Мы остались друзьями. Несмотря на мою дерзость, я уважительно к нему относился. Он был трудяга, но, как мне казалось, не на своем месте. Иван был один из немногих без малейших примесей ксенофобии. Но за свою душевную повсеместную открытость он поплатился. Заядлый нумизмат, он о своей коллекции монет мог рассказывать часами и каждому. В конце концов его ограбили, и не стало этого предмета разговора.

Следующий эксперимент "вхождения в народ" поставил математик Вячеслав Абрамович Рейнер и все те, кто раскрутили так называемую "СМО-Проблему". Модель была изящна – целевая функция - максимизировать вероятность выполнения заводом плана. Естественно, всех факторов, влияющих на принятие решений на уровне заводских начальников, она не учитывала. Проект провалился. Что он провалится – было ясно всем мало-мальски понимающим. Кто мог, тот с этой темы уходил. Но начальство то ли делало вид, что все идет чередом, то ли невежество торжествовало. Начальники ведь в основном политикой занимались ( "страшно далеки они от народа"). Государству это стоило огромных выброшенных денег, зато много десятков людей кормились несколько лет. И многие сделали карьеру. Социализм - Эльдорадо для умеющих втирать очки министерским чиновникам, раздающим государственные деньги.

Однажды я не выдержал и высказался Славе по поводу перспектив таких моделей.

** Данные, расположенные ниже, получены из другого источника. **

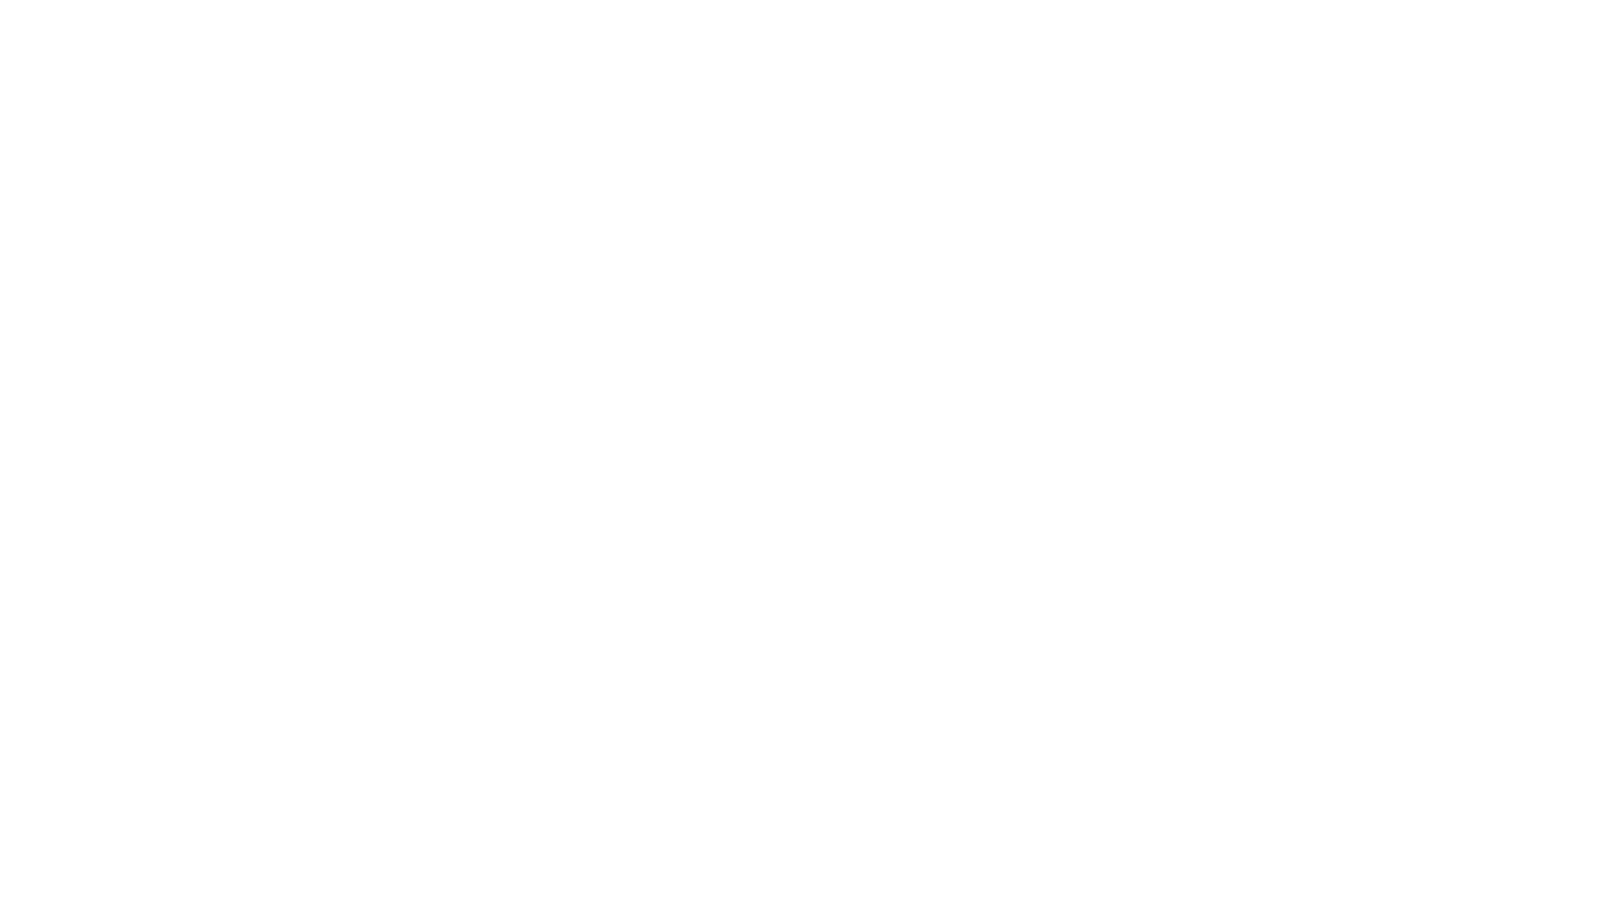 ↓ DEROULE MOI ↓  🌈 Hello Hellow, On se retrouve aujourd'hui pour une nouvelle Vidéo pour le Décryptage Astro Business de cette Nouvelle Lune Eclipse en Gémeaux qui aura eu lieu le 10 Juin à 14h53 (Heure de la Réunion) et 12h53 (Heure de Paris)   Cette Nouvelle Lune Eclipse est un peu spéciale car elle est en conjonction avec le Noeud Nord et Mercure Rétrograde en Gémeaux. Elle nous invite à retravailler notre communication et redéfinir notre audience cible pour mieux développer notre business.  Elle nous propose beaucoup de challenge mais elle nous éclaire sur des pistes de solution.   Les principaux challenge de cette Nouvelle Lune    ✅ Conjontion Soleil, Lune, Mercure Rétrograde, Noeud Nord : Vers quoi l'on doit tendre pour développer notre business ?  ✅ Carré Neptune / Mercure rétrograde : Pourquoi on manque de focus dans notre communication et vers notre audience cible ?  ✅ Trigone Mercure Rétrograde / Saturne et Sextil Mars / Netpune : Nos armes secrète pour traverser cette zone de turbulance  ✅ Carré Saturne / Uranus : Quels sont les changements que l'on doit apporter dans notre business ?    ✅ Opposition Mars / Pluton Rétrograde : Quelles sont les actions radicales a apporter dans notre business ?   ✅ Trigone Vénus / Jupiter et Sextile Vénus / Uranus : Garder à l'esprit ce que l'on aime faire dans notre business   Ne t'inquiete pas, chaque planète et aspect est expliqué et développé pour que tu comprennes la météo astrale afin de poser les bonnes stratégie dans ton business.   Si tu as des questions, je me ferais un plaisir de te répondre en commentaire   ****  🌈🙋🏽♀️ Je suis Boss Lydie, Astro Business et Productivity Planner.  ✨J'aide les femmes à créer un business en ligne aligné à leur mission de vie grâce à l'astrologie et l'astro productivity planner.   **** 🌸ABONNE-TOI ❤️ Si cette vidéo t'a plu, n'hésite à t'abonner à ma chaine et à activer la 🔔 pour être informée de mes prochaines vidéos Astro Business, Planner Productivité, Marketing.   On peut poursui

Ответ был вразумительный:

- "А что делать, ну не влезать же каждый год в новое дело, а тут финансирование на несколько лет".

Кроме того он с детства знал, что против ветра дуть не следует. Отец его комкор Красной Армии (это соответствует примерно генерал-лейтенанту) был расстрелян в 1937 году.

Когда начались неприятности, связанные с реализацией, эта система стоила Славе жизни. В 50 лет он умер от инфаркта. Математик он был с отличной эрудицией в области теории вероятностей и математической статистики, а вот приложения выбрал не очень удачно. А может быть и выбора у него не было.

Интересно, что писать диссертации для начальства он считал нормальным и общепринятым делом, позволяющим выживать, и втягивал в это дело всех, кто реально мог помочь, в том числе и меня. Коробило, но выживать я хотел не меньше. Когда директору Беднякову (местное прозвище "генерал") в обкоме объявили, что прибавку к зарплате ему снимут, если он не защитит диссертацию, то Рейнер попросил меня "поучаствовать".

В связи с этим врезался в память один эпизод. Технический проект с легким математическим уклоном, который я написал под идейным руководством Рейнера, неожиданно по распоряжению Беднякова был засекречен и сдан на хранение в Первый Отдел (филиал КГБ в каждой организации). Теперь, чтобы пользоваться нашим совершенно не секретным текстом, я и мой коллега Борис Моисеевич Гуревич должны были идти в Первый Отдел, расписываться в каком-то журнале о получении, и перед концом каждого дня сдавать обратно. Бедняков опасался, что кто-то кроме него, украдет материал, пригодный для его диссертации. В один прекрасный день я обнаружил, что из ставшего секретным технического отчета грубо вырвано несколько страниц. В журнале получения стояли только две еврейские фамилии. Запахло жареным. "Любовь" к евреям начальника Первого Отдела Лаврентьева (прозвище "Лаврентий Павлович") была известна. Когда два еврея в коридоре просто разговаривали друг с другом, он уже крался по стенке, чтобы понять, какой очередной сионистский заговор готовится. Наши объяснения, что нам незачем вырывать страницы из отчета, который мы же и написали, Первый Отдел не принял. Лаврентьев почему-то обвинил Гуревича, хотя у меня были такие же шансы. Я пошел к Рейнеру за защитой, и Слава пошел к Беднякову. На наше счастье "генерал" вспомнил, что когда он нанимал в Отдел Технической Информации журналистку с филологическим образованием для оформления своей диссертации (даже это кто-то должен был делать за него), та заколебалась, справится ли она с редактированием технического текста. Он, долго не думая, тут же поднялся в Первый Отдел, взял (естественно без регистрации в журнале) наш Технический проект, вырвал оттуда несколько страниц, и понес в качестве примера журналистке.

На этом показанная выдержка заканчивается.